投稿: alex | 2005年12月13日 (火) 17:28

はじめまして。Somerset Houseの隣にある大学で学んでいるものです。いろいろ回られたようですね。ロンドンに住んでいる割には美術館は殆ど行っていません・・・ちなみに、ここのスケートリンクは期間限定でやっていて、普段は噴水になっています。

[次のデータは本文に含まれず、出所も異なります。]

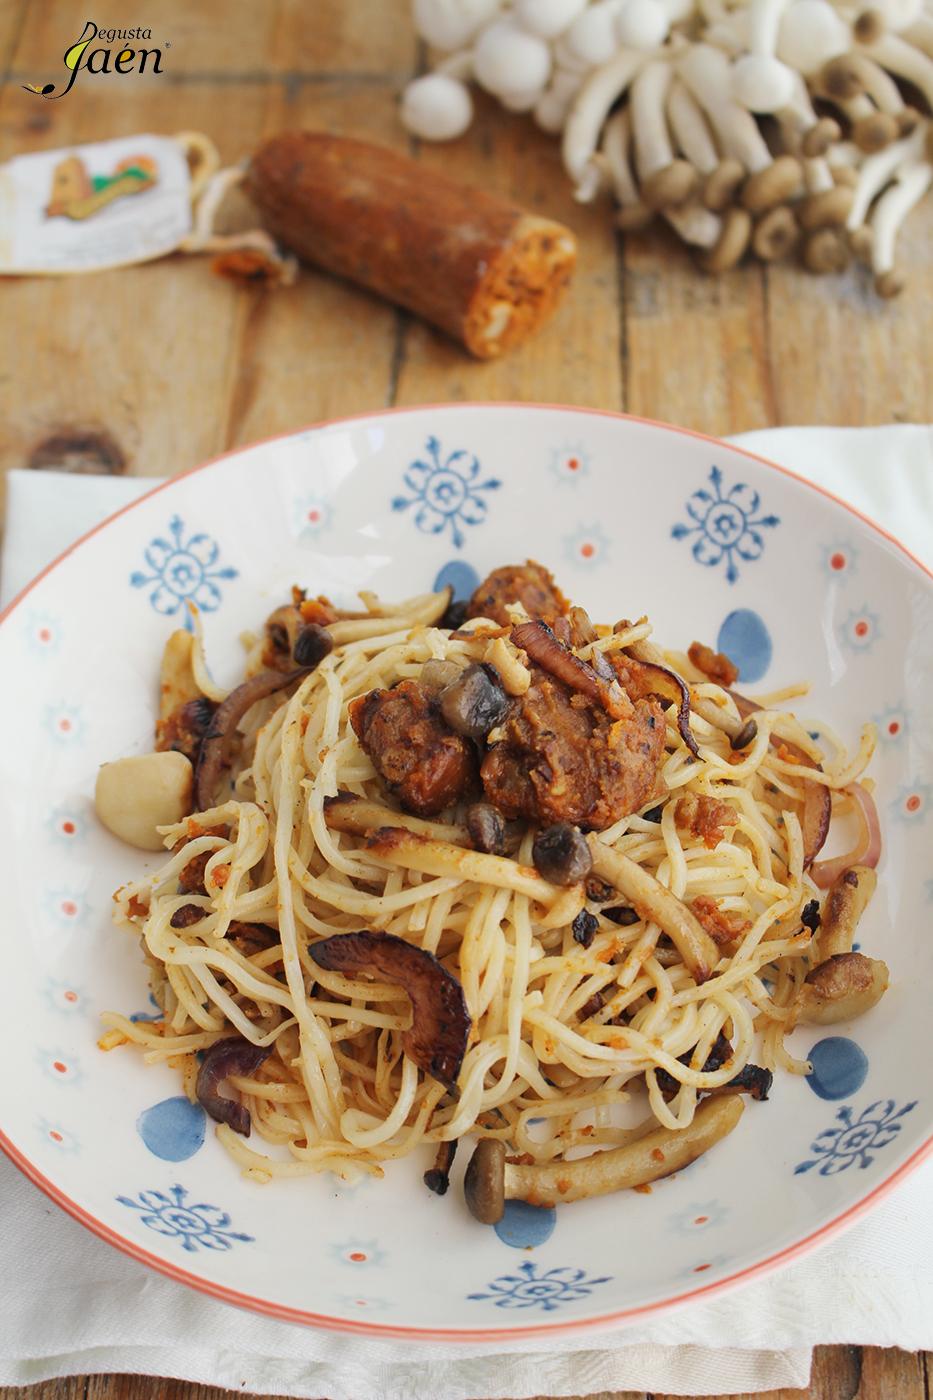 Fideos chinos morcilla sin sangre Degusta Jaen (2)

投稿: snb | 2005年12月14日 (水) 08:17

alexさん、こんにちは。
そういえば、焼きトマトもついてました(^^)。
スコティッシュ・ブレックファーストはイングリッシュ・ブレックファーストとまたちょっとメニューが違うんでしょうね(しかし、スコティッシュ・ブレックファーストというと、某映画の某シーンを思い出してしまいます…。思い出すべきではないシーンなんですが(^^;)。といえば分かってくださいますでしょうか)。

National Galleryは、ガイドツアーはじめ、本当に日々様々なイベントが開催されているようなので、是非チェックしてみてくださいね。個人的には、今回行った美術館の中では、National Galleryがいろいろな意味でNo.1だと思いました。

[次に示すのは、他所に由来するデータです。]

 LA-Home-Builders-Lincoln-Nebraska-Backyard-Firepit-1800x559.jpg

snbさん、はじめまして。ようこそいらっしゃいませ。
ロンドン留学中でいらっしゃいますか。大変でしょうけど、羨ましい(^^)。
ロンドンの美術館は、企画展以外は比較的お金がかからないのでありがたいです。カフェやレストラン併設というところが多いのも旅行者には便利でした。

snbさんのブログ、じっくり拝読させていただきますね(^^)。